Mount Dandenong is a small township/suburb of Greater Melbourne, Victoria, Australia,  east from Melbourne's central business district, located within the Shire of Yarra Ranges local government area. Mount Dandenong recorded a population of 1,271 at the 2021 census.

Light to moderate snowfalls occur on Mount Dandenong a few times most years, mostly frequently between late winter and late spring. The area around Mount Dandenong experienced a highly unusual summer snow fall on Christmas Day 2006.

History

Originally the town was to be named Mount Corhanwarrabul, but due to the problems that were foreseen with the spelling and pronunciation of this name, the Surveyor-General's office opted to name it Mount Dandenong. However, today there is still a Mount Corhanwarrabul, which is on the site of Burkes Lookout. The town of Mount Dandenong was settled in 1893, along with a neighbouring town, Olinda. It was around this time that the Government established  farms that would be used to harvest timber.

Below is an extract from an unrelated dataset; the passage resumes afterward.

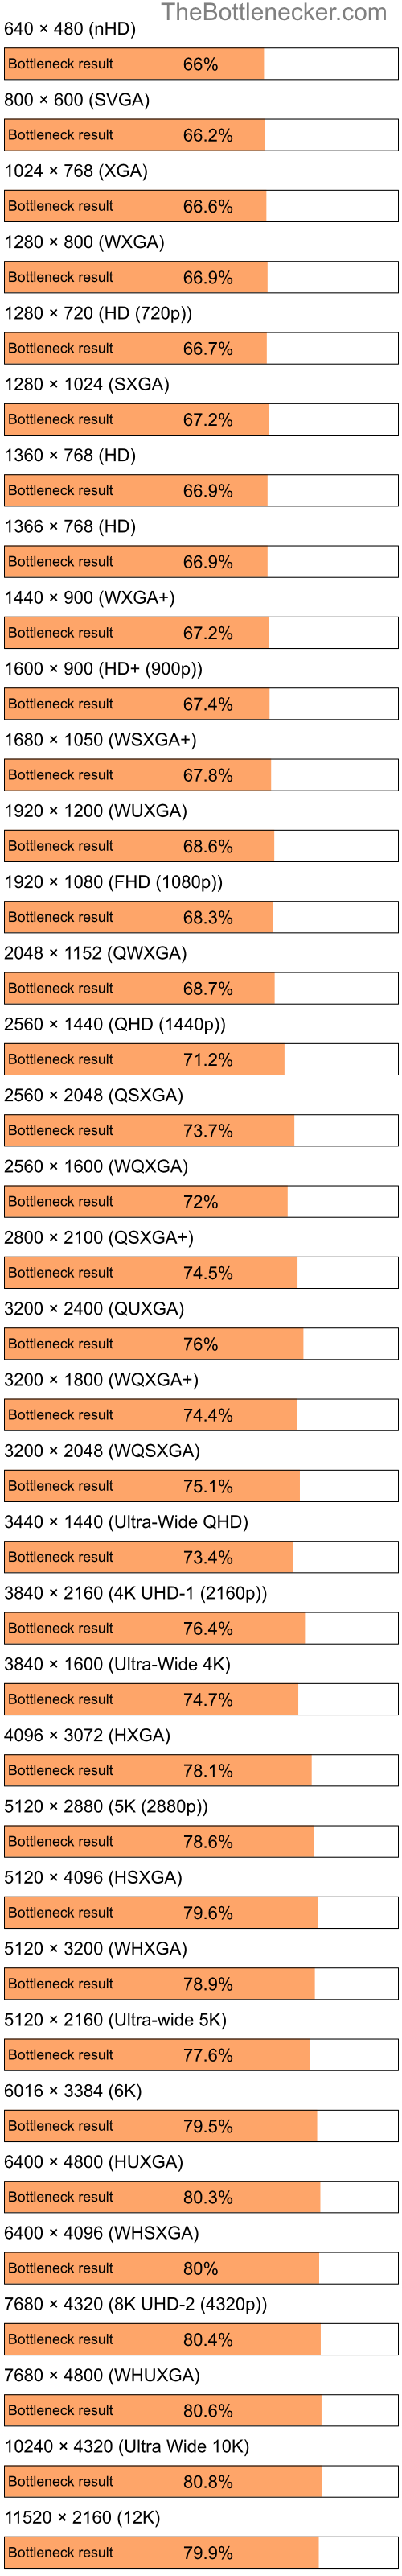 Bottleneck results by resolution for Intel Atom N270 and AMD Mobility Radeon HD 2400 in7 Days to Die
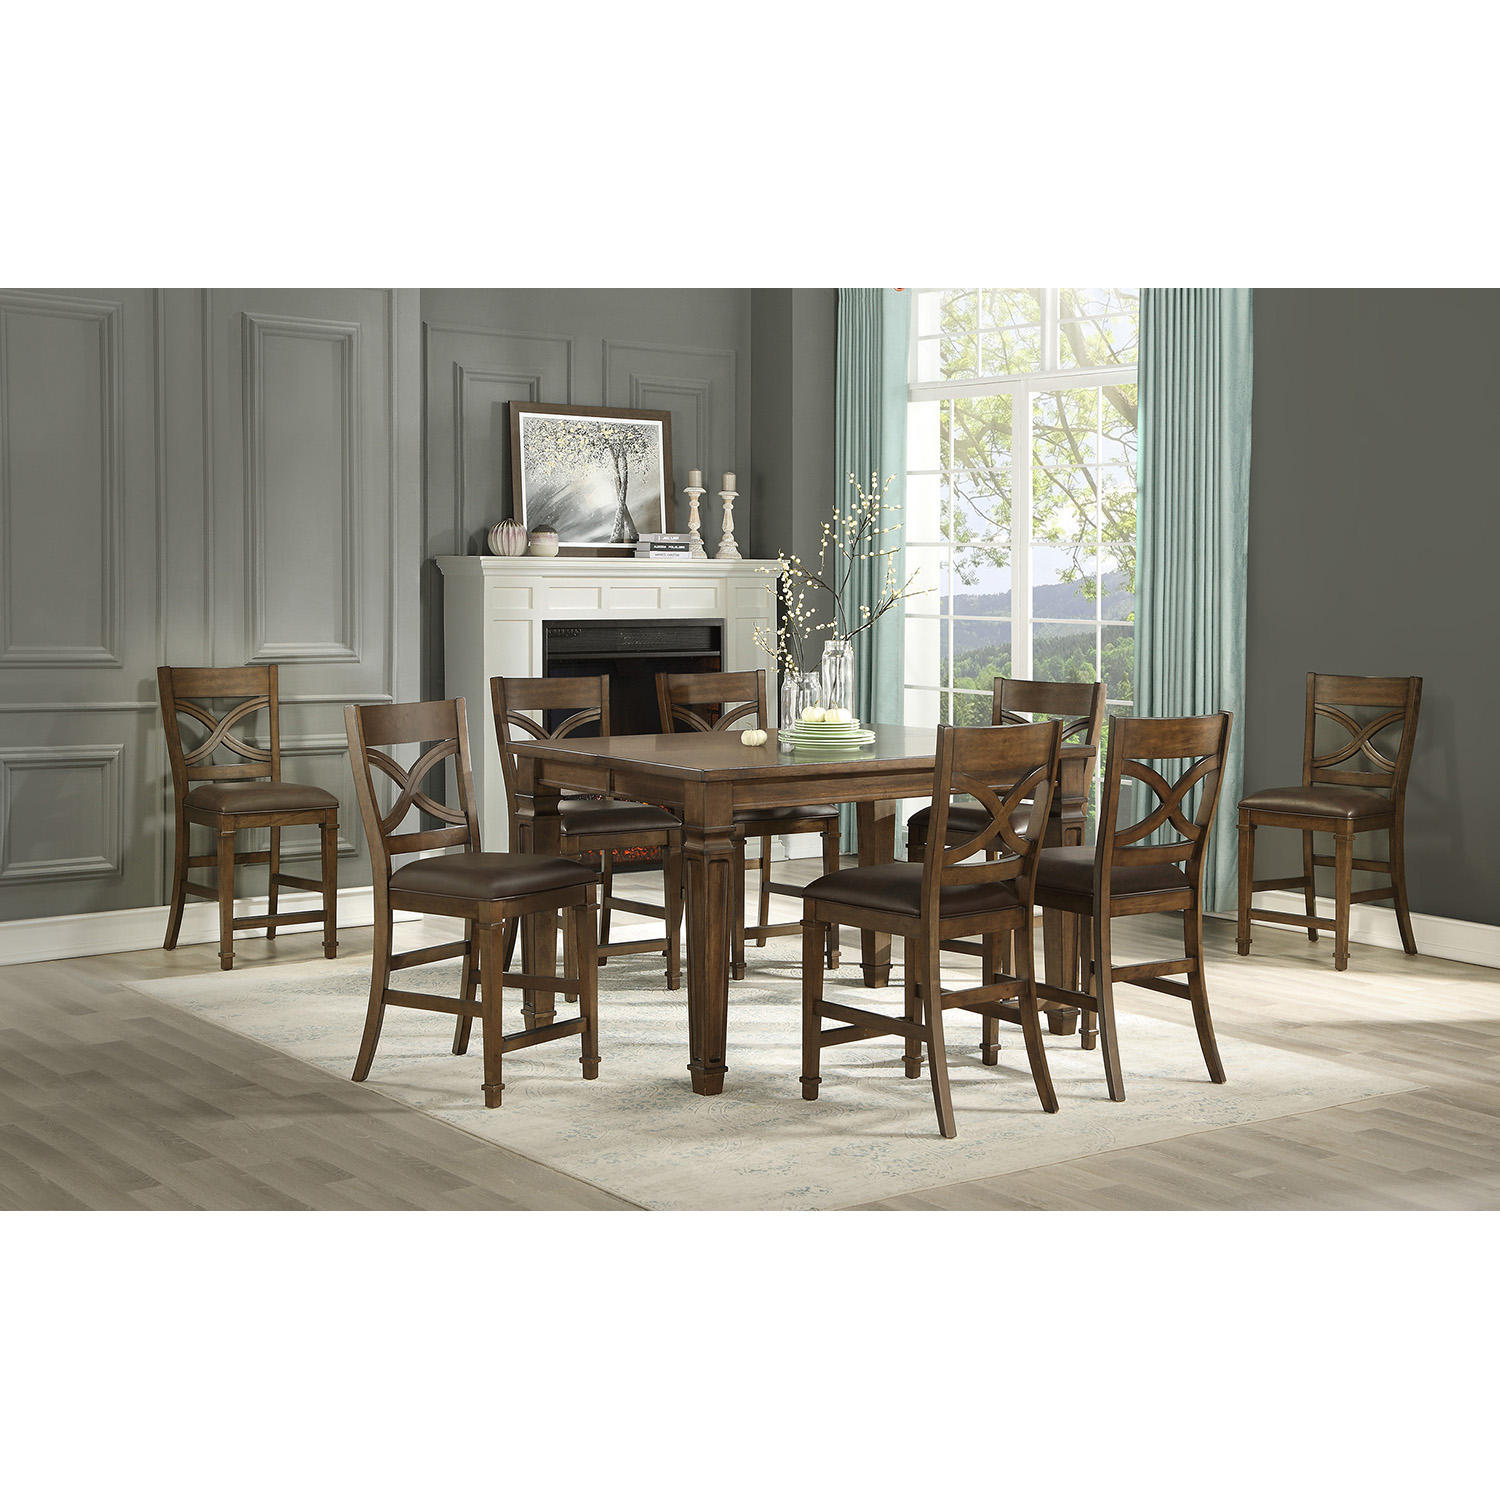 Member’s Mark Theodore 9 Piece Counter-height Dining Set

By around 1900 the town had its own general store and primary school. The Post Office, opened in 1902, was closed and replaced by one at Kalorama in 1991. In 1922 the first motorcars were seen in operation in Mount Dandenong.

In 1938, the 1938 Kyeema Crash occurred eighteen people were killed when the Kyeema, an Australian National Airways DC-2, VH-UYC crashed.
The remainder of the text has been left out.